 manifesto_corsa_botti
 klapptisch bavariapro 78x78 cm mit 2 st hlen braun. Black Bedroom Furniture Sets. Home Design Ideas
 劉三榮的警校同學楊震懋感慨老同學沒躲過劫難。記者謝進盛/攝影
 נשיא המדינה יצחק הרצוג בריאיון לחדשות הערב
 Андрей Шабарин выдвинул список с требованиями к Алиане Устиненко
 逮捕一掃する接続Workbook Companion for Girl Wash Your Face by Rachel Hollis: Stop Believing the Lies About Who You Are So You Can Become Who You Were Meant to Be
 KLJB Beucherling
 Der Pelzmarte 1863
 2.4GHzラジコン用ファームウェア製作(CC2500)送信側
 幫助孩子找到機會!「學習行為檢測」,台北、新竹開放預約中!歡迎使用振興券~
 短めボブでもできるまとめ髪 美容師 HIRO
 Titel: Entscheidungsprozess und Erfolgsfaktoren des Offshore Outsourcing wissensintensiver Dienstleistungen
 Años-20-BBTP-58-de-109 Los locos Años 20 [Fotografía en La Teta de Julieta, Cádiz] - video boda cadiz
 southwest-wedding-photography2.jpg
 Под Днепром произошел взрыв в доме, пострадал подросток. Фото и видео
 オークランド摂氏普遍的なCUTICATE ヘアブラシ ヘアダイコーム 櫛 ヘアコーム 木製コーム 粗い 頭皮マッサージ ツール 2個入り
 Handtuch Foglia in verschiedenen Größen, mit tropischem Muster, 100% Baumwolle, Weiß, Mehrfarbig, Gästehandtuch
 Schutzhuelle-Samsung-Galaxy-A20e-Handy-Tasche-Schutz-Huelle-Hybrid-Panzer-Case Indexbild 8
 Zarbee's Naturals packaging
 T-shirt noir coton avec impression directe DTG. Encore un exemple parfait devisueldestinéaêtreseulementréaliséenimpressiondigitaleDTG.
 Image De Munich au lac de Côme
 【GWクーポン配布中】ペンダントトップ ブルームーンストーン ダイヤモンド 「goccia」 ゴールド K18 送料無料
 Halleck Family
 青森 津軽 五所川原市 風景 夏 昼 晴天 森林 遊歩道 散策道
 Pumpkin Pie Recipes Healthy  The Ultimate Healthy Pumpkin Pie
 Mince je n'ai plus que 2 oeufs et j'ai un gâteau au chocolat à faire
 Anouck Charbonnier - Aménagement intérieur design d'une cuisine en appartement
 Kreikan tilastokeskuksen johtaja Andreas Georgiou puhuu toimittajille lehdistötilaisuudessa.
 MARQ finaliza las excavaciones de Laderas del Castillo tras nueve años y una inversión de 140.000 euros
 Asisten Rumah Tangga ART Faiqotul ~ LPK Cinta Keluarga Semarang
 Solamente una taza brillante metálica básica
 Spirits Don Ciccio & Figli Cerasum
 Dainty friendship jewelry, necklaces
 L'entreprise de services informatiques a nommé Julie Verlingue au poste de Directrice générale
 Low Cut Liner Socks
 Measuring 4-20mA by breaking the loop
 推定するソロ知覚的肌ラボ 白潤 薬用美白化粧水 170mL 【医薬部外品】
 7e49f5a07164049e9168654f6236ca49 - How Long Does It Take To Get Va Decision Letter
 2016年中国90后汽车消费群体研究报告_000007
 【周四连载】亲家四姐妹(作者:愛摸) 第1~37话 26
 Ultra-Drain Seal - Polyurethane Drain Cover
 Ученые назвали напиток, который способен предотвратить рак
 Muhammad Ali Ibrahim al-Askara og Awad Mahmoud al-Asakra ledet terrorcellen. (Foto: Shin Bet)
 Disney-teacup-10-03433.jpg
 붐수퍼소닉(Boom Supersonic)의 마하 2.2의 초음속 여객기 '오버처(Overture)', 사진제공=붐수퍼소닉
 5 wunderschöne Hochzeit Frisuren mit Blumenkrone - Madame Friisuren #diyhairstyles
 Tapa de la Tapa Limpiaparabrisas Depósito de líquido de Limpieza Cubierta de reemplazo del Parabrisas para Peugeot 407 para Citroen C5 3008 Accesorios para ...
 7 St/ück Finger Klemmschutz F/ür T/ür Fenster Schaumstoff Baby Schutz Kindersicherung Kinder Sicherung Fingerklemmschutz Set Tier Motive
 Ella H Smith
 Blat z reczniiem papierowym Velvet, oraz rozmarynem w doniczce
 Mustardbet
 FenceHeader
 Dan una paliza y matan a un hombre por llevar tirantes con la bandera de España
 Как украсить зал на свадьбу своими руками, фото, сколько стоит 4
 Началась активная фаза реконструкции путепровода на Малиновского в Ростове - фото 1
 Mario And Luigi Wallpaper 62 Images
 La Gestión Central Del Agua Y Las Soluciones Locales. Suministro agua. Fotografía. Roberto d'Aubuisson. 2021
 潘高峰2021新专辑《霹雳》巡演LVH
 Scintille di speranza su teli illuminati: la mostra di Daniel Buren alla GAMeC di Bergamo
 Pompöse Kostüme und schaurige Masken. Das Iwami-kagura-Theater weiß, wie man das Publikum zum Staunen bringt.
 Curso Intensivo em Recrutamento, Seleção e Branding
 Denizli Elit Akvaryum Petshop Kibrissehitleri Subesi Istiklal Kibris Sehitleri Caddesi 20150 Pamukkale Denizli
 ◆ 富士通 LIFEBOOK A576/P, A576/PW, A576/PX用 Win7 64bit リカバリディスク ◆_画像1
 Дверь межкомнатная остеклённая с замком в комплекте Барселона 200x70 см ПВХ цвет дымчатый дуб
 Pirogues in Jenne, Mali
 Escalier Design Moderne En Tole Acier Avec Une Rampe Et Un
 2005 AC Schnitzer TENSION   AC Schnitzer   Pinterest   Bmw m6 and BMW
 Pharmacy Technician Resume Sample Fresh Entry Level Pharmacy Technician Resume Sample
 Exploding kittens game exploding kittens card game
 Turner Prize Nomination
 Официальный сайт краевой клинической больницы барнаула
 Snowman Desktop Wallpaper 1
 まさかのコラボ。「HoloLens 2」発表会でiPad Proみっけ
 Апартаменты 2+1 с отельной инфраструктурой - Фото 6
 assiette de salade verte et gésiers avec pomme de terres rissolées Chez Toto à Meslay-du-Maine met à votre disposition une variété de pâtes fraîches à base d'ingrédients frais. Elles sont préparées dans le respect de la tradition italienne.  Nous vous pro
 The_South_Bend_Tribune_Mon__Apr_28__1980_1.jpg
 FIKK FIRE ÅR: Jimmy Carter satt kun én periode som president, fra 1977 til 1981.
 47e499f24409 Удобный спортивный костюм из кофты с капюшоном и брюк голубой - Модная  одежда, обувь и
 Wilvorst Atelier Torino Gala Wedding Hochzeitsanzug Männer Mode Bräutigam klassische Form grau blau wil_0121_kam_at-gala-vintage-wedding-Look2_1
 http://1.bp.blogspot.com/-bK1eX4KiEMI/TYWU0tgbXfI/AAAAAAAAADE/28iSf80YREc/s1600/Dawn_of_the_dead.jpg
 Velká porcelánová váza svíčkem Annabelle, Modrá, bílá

#### ACTION ITEM
Above this task is a listing. Restate, word for word and with nothing added, the lines from the one with "southwest-wedding-photography2.jpg" through the one with "5 wunderschöne Hochzeit".

#### EXERCISE ANSWER
 southwest-wedding-photography2.jpg
 Под Днепром произошел взрыв в доме, пострадал подросток. Фото и видео
 オークランド摂氏普遍的なCUTICATE ヘアブラシ ヘアダイコーム 櫛 ヘアコーム 木製コーム 粗い 頭皮マッサージ ツール 2個入り
 Handtuch Foglia in verschiedenen Größen, mit tropischem Muster, 100% Baumwolle, Weiß, Mehrfarbig, Gästehandtuch
 Schutzhuelle-Samsung-Galaxy-A20e-Handy-Tasche-Schutz-Huelle-Hybrid-Panzer-Case Indexbild 8
 Zarbee's Naturals packaging
 T-shirt noir coton avec impression directe DTG. Encore un exemple parfait devisueldestinéaêtreseulementréaliséenimpressiondigitaleDTG.
 Image De Munich au lac de Côme
 【GWクーポン配布中】ペンダントトップ ブルームーンストーン ダイヤモンド 「goccia」 ゴールド K18 送料無料
 Halleck Family
 青森 津軽 五所川原市 風景 夏 昼 晴天 森林 遊歩道 散策道
 Pumpkin Pie Recipes Healthy  The Ultimate Healthy Pumpkin Pie
 Mince je n'ai plus que 2 oeufs et j'ai un gâteau au chocolat à faire
 Anouck Charbonnier - Aménagement intérieur design d'une cuisine en appartement
 Kreikan tilastokeskuksen johtaja Andreas Georgiou puhuu toimittajille lehdistötilaisuudessa.
 MARQ finaliza las excavaciones de Laderas del Castillo tras nueve años y una inversión de 140.000 euros
 Asisten Rumah Tangga ART Faiqotul ~ LPK Cinta Keluarga Semarang
 Solamente una taza brillante metálica básica
 Spirits Don Ciccio & Figli Cerasum
 Dainty friendship jewelry, necklaces
 L'entreprise de services informatiques a nommé Julie Verlingue au poste de Directrice générale
 Low Cut Liner Socks
 Measuring 4-20mA by breaking the loop
 推定するソロ知覚的肌ラボ 白潤 薬用美白化粧水 170mL 【医薬部外品】
 7e49f5a07164049e9168654f6236ca49 - How Long Does It Take To Get Va Decision Letter
 2016年中国90后汽车消费群体研究报告_000007
 【周四连载】亲家四姐妹(作者:愛摸) 第1~37话 26
 Ultra-Drain Seal - Polyurethane Drain Cover
 Ученые назвали напиток, который способен предотвратить рак
 Muhammad Ali Ibrahim al-Askara og Awad Mahmoud al-Asakra ledet terrorcellen. (Foto: Shin Bet)
 Disney-teacup-10-03433.jpg
 붐수퍼소닉(Boom Supersonic)의 마하 2.2의 초음속 여객기 '오버처(Overture)', 사진제공=붐수퍼소닉
 5 wunderschöne Hochzeit Frisuren mit Blumenkrone - Madame Friisuren #diyhairstyles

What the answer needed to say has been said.